The benefits of HypnoBirth go well beyond birth

A short online survey collected information on 113 children, 72 of whom were born using HypnoBirth, and 41 were not. The survey was shared by HBCEs online using social media. Parents were asked to respond to each of their children.

The research confirms exactly what we knew about HypnoBirth babies:
  • they are more likely to be calm (92% vs. 78%),
  • satisfied (78% vs. 63%),
  • alerts (99% vs. 85%) and
  • happy babies (92% vs. 78%).
  • good sleepers (71% vs. 54%)
  • easy babies (83% vs. 61%).

These same traits were also apparent in older children.
  • satisfied (83% vs. 63%),
  • happy (97% vs. 83%)
  • calm (70% vs. 57%),
  • less picky (8% vs. 23%).
The majority of parents who responded to the survey felt that HypnoBirth had influenced their child's temperament. Numerous stories testify that the babies who entered the quiet world and the alert, have remained.

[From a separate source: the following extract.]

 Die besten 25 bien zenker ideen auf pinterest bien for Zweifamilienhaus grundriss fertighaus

"I am 100% certain that Grace's acute perception, rapid language development, extreme kindness and sociability and behavior are directly related to the calm and natural birth she has experienced. "home" from the moment she was born. "

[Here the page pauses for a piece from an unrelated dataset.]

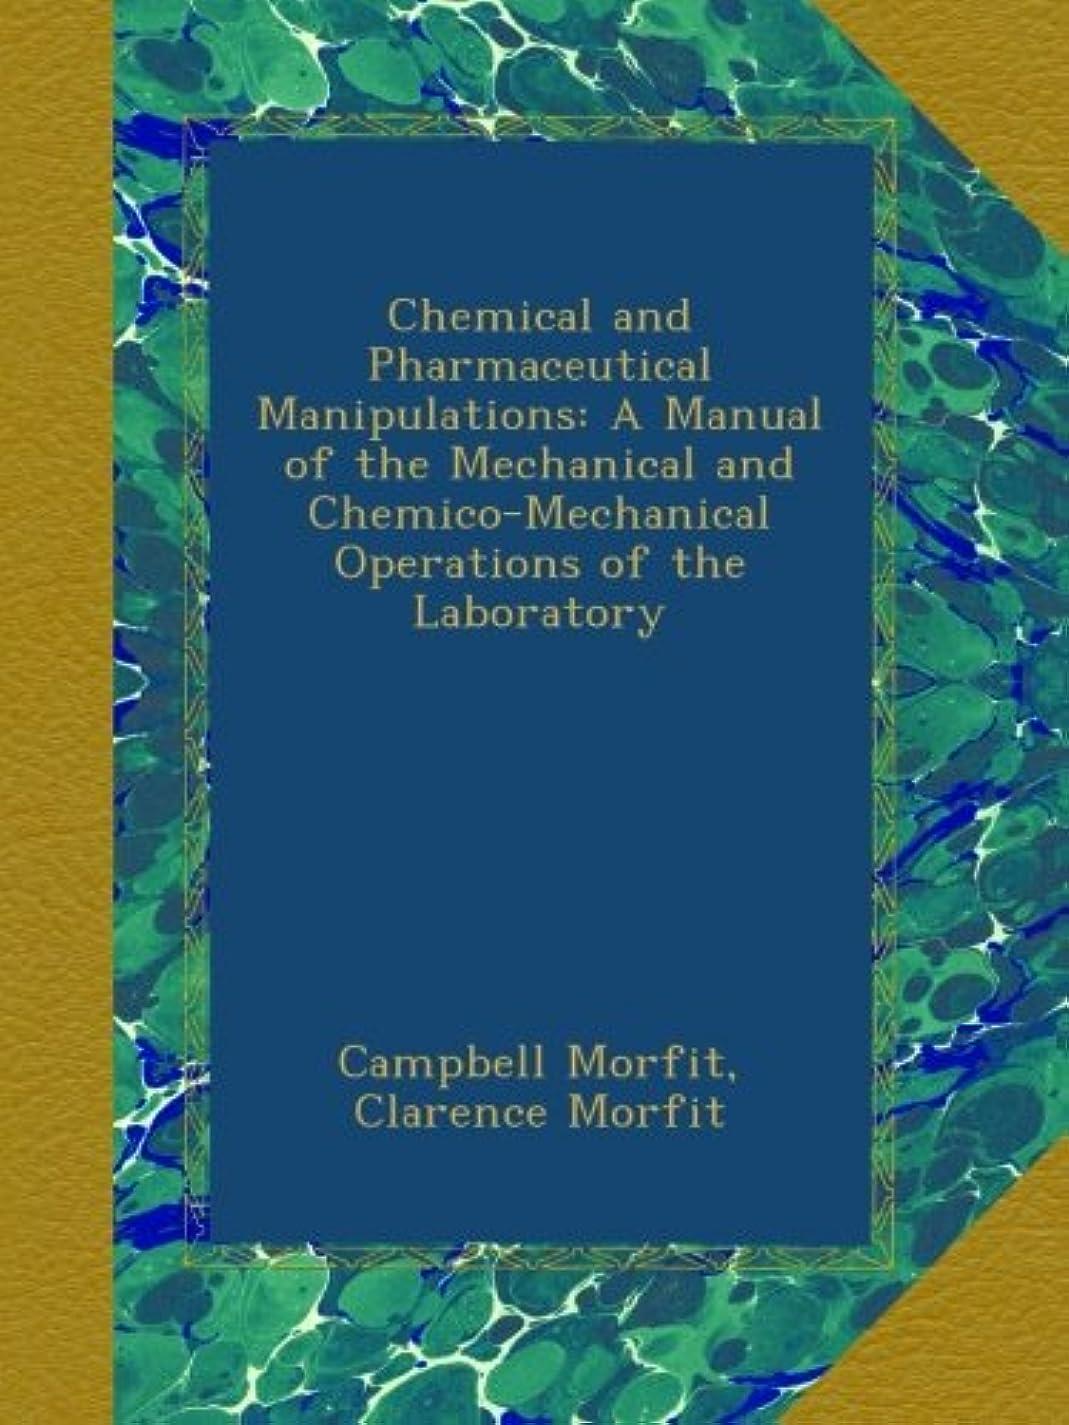 欺くコモランマセクションChemical and Pharmaceutical Manipulations: A Manual of the Mechanical and Chemico-Mechanical Operations of the Laboratory

"From the moment my daughter was born, she was sweet and kind and she is still four years old, she was a happy and easy baby and still is."

"When he was born, he was put on my chest and he looked me straight in the eye, he never cried, he was so alert and yet so calm, I firmly believe that the HypnoBirth had a lot to do with it! "

The full report is available at:

The benefits of HypnoBirth go well beyond birth

Remember, little Lou

This ChouChou |April 27, 2012
I did not expect this.

Today, I took my Loupiote to the osteopath. It was a first for her as much as for me. In my head, the osteopath was only a kind of physiotherapist and I drove my daughter today to see if it was possible to make him pass this ugly hiccup she has constantly. That was all.

Instead, we went back in time. The osteo, a young woman, asks me first of all how was my delivery. I explain that I was triggered. In my arms, Lou begins to stir and I see the young woman throw him a few glances. Before going into details, I said that the outbreak was very complicated but the delivery was then simple and fast. In my arms, Lou began to cry and stiffen, she is very tense. The osteo interrupts me, looks at Lou and says to me: "It is she who will tell us the continuation, she reacts very strongly when you speak about it".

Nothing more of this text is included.